Activation of autophagy during other types of stress responds, for the most part, to the need to eliminate intracellular components damaged by the different stressors (Figure 7-4). In other instances, activation of autophagy is used by cells as a mechanism of defense against pathogen invasion because autophagosomes have the capability to sequester and deliver the intruder to the lysosomal system for degradation.
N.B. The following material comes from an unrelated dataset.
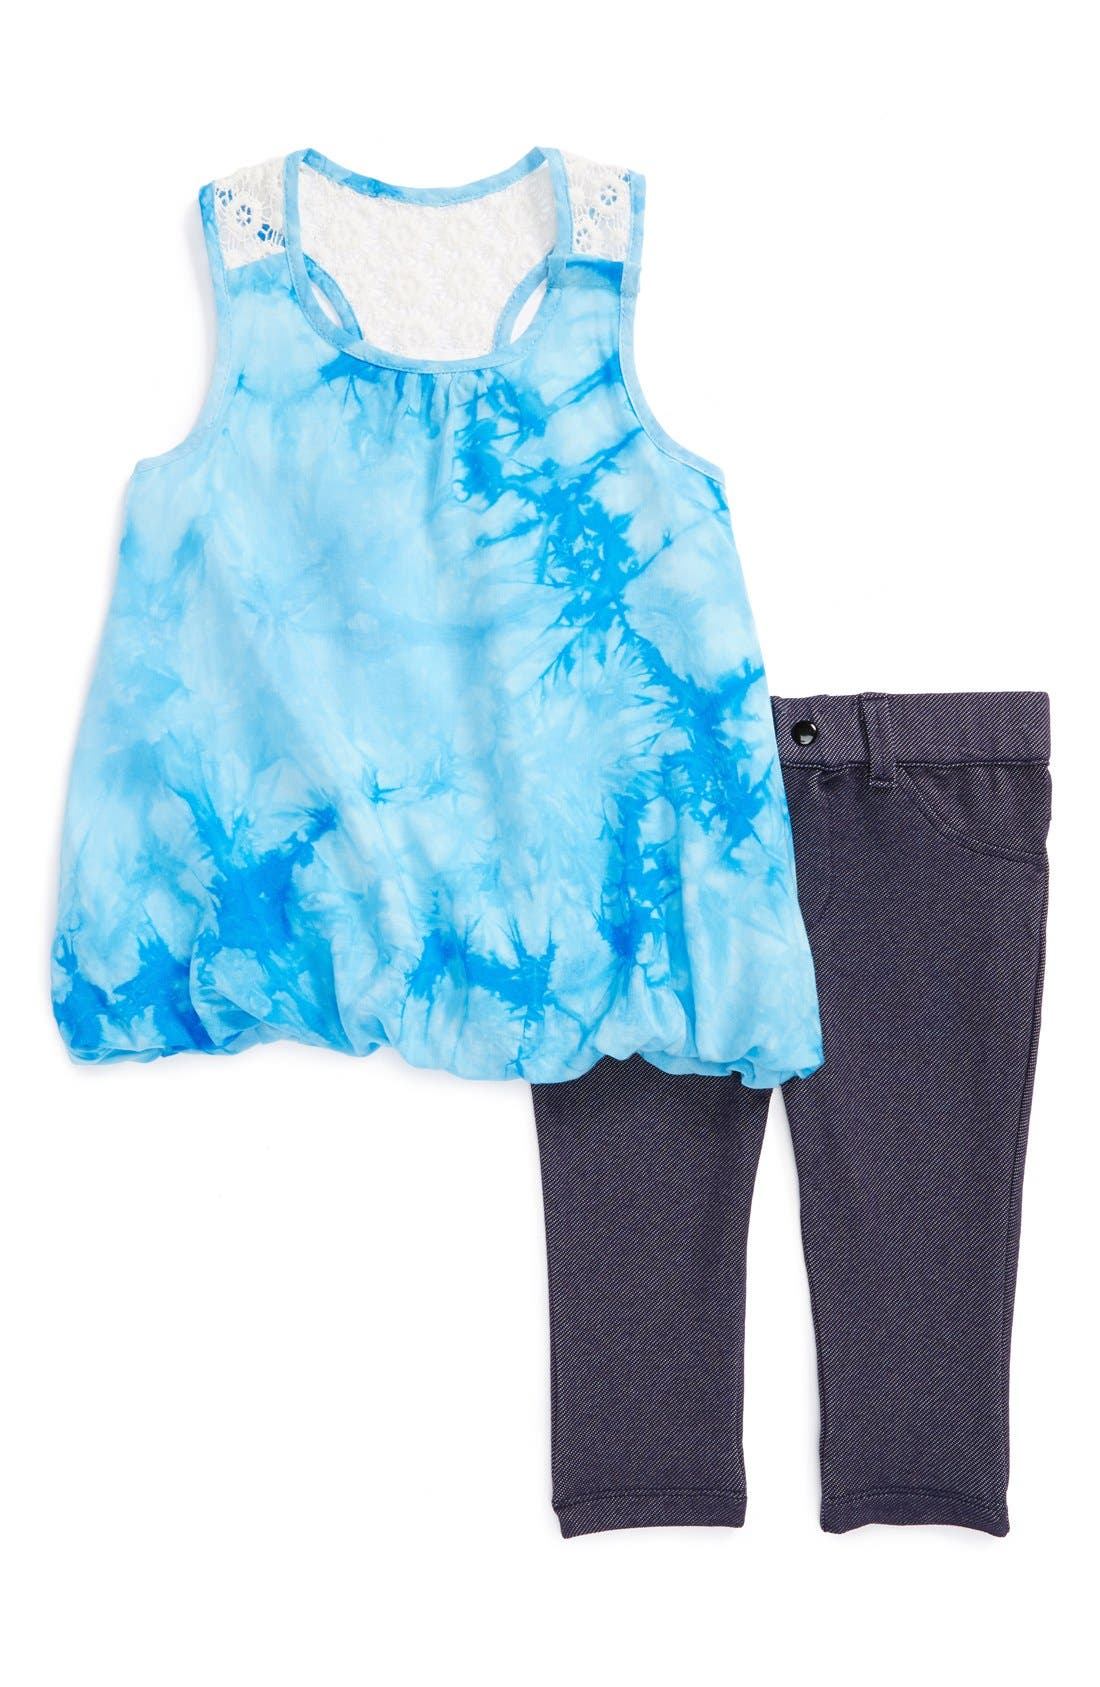 Alternate Image 1 Selected - Nicole Miller Sleeveless Tunic & Leggings (Baby Girls)
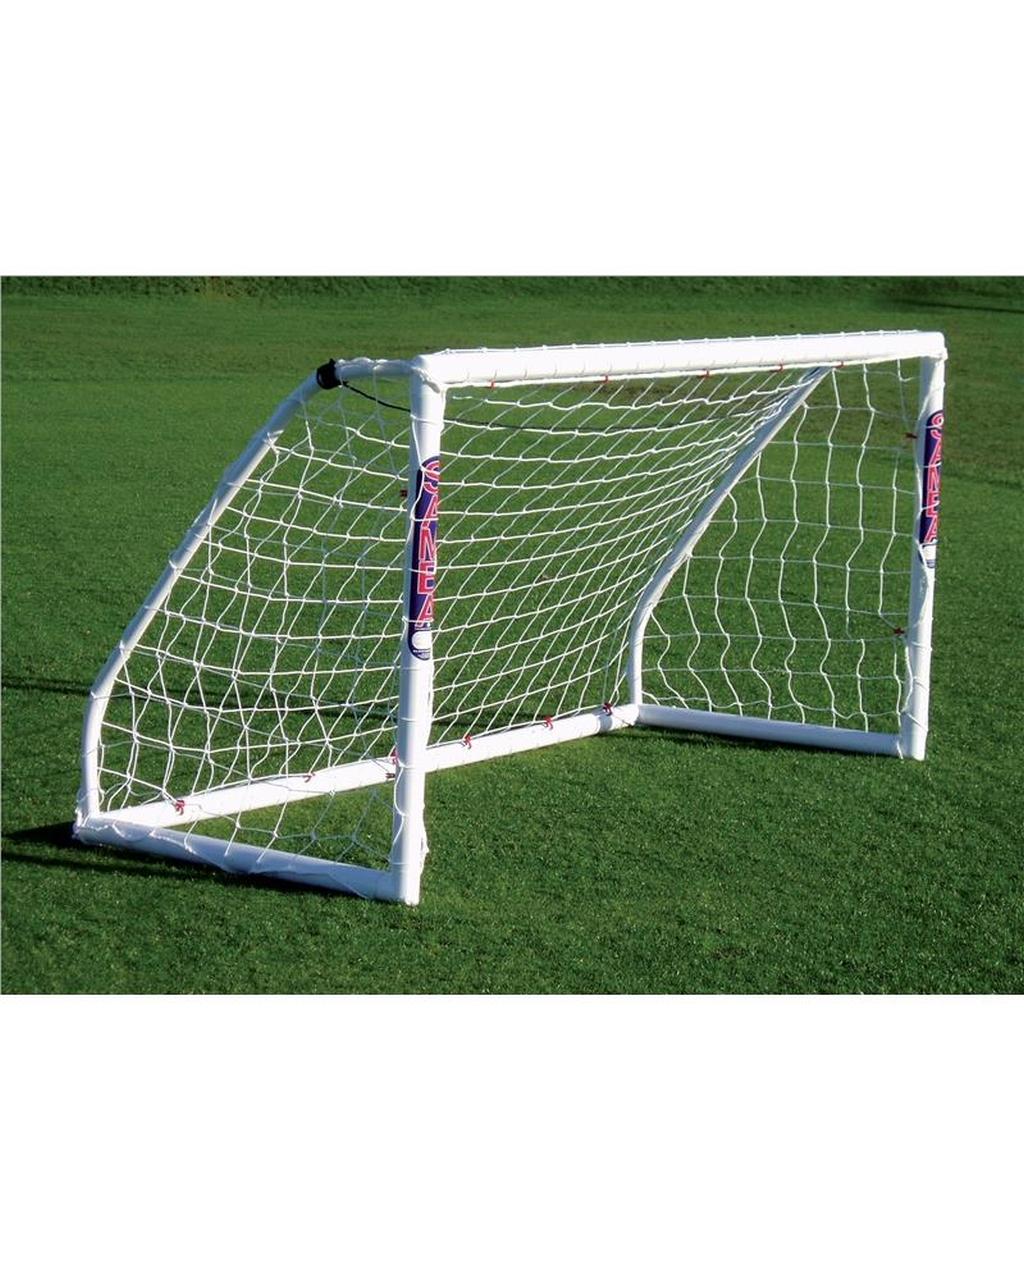 Samba 8ft x 4ft Match Goal upvc corners

Added to these well-characterized functions of autophagy as an inducible or stress-activated process, studies in the last few years have revealed a major role for autophagy in maintenance of cellular homeostasis under basal conditions. This basal autophagy has demonstrated to be an essential component of the cellular quality control mechanisms that prevent accumulation of cytotoxic proteins (aggregated and/or misfolded) and malfunctioning organelles (e.g., depolarized mitochondria, regions of the endoplasmic reticulum undergoing proteotoxic stress, nonfunctional peroxisomes). Autophagic removal of mitochondria is of particular relevance in the context of programmed cell death. Changes in the mitochondrial membrane potential and the resultant cytosolic release of mitochondrial components such as cytochrome c play a central role in the activation/maintenance of different cell death pathways. Consequently, a process such as macroautophagy that is able to sequester and eliminate the faulty
mitochondria could, at least in principle, prevent further engagement of downstream cell death effectors and hence avert cell death. In this respect, major effort is currently being dedicated to elucidate the mechanisms that mediate selective removal of altered mitochondria while preserving functional ones. Although still premature, recent studies support that active mitochondrial fusion and fission allow for the reorganization and sequestration of damaged mitochondrial components into daughter mitochondria that are segregated from the networking pool, recognized by the autophagosome integral components, and eliminated by autophagy.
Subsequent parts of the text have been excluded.